The holding part main body 22 holds parts of the plurality of plug contacts 20 by press-fitting, and is formed in a substantially rectangular parallelepiped shape, and is formed with a plurality of contact slits 25 for press-fitting the plurality of plug contacts 20 respectively. The plurality of contact slits 25 are formed at predetermined intervals in the width direction, and open in the vertical direction.

The insertion guide 23 is arranged to be separated from the holder main body 22 in the extraction direction when the interposer 5 is inserted into the contact holder 21 and mounted, to guide the inserted portion of the substrate 5 . The insertion guide 23 has a rectangular cylindrical shape opened in the insertion and extraction direction, and is composed of a top plate 23A and a bottom plate 23B facing each other in the vertical direction, and side plates 23C facing each other in the width direction. The top plate 23A is arranged above the bottom plate 23B. Both side plates 23C are connected to the top plate 23A and the bottom plate 23B at positions separated in the width direction.
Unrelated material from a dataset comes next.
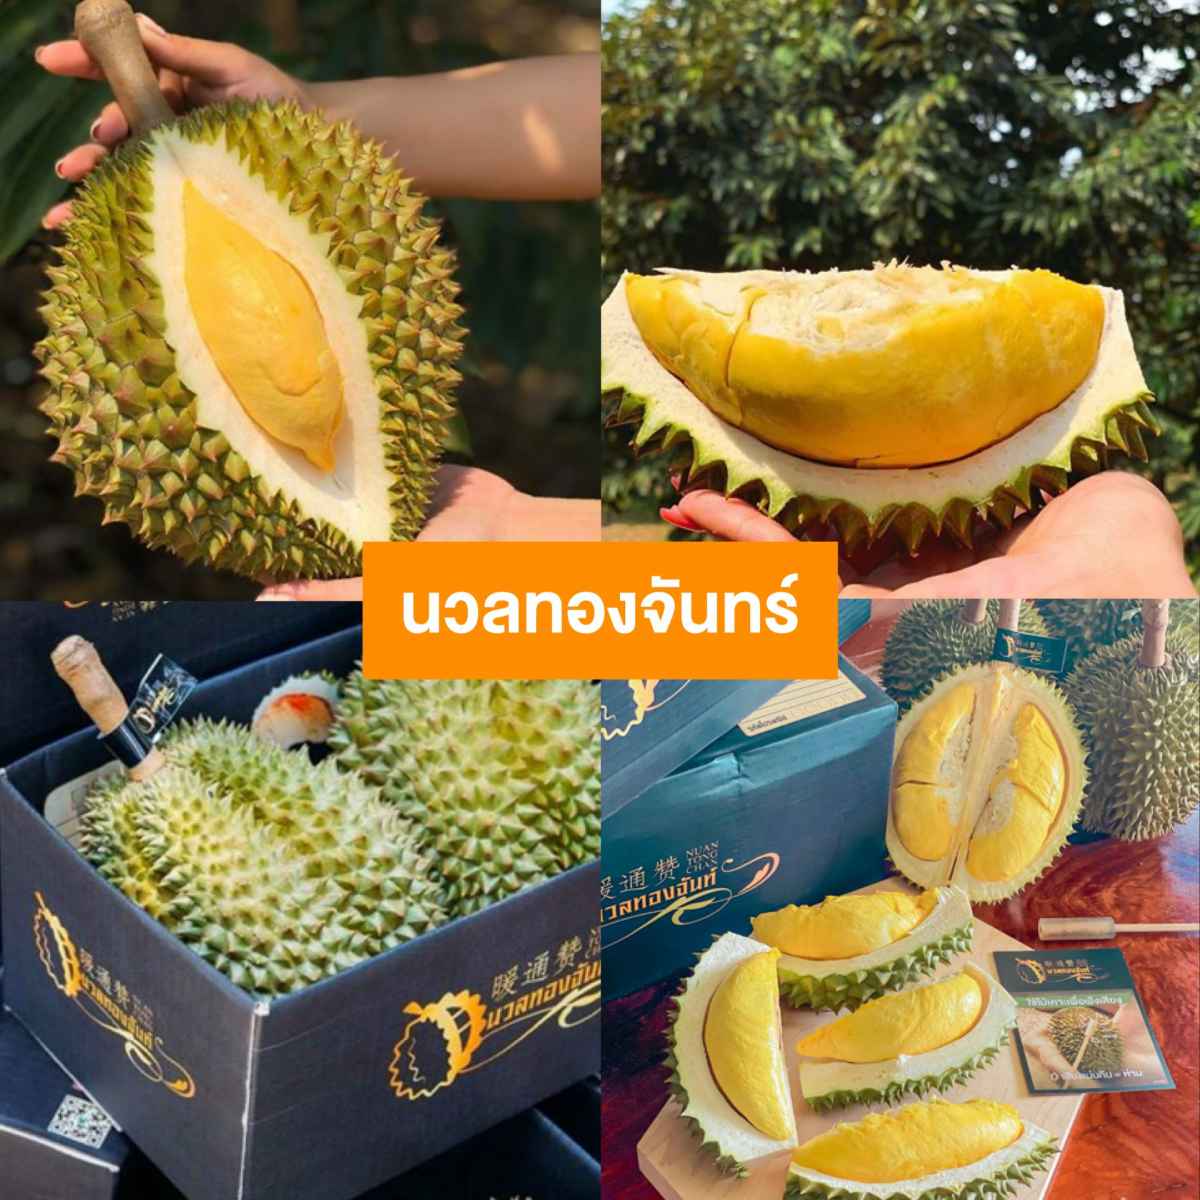 durian-delivery

Therefore, the insertion guide 23 has an insertion opening 23D opened in the insertion and extraction direction.

Both of the two connecting portions 24 are portions connecting the holding portion main body 22 and the insertion guide 23 at positions separated in the width direction, and extend from the holding portion main body 22 to the insertion guide 23 in a beam shape along the insertion and extraction direction. The two connection parts 24 are arranged so as to be separated from each other in the width direction, and face each other in the width direction. The two connecting portions 24 respectively connect the two side plates 23C of the insertion guide 23 to the ends of the holder body 22 in the width direction. Therefore, as shown in FIG. 5, the contact holding|maintenance part 21 has the confirmation window 26 opened in an up-down direction.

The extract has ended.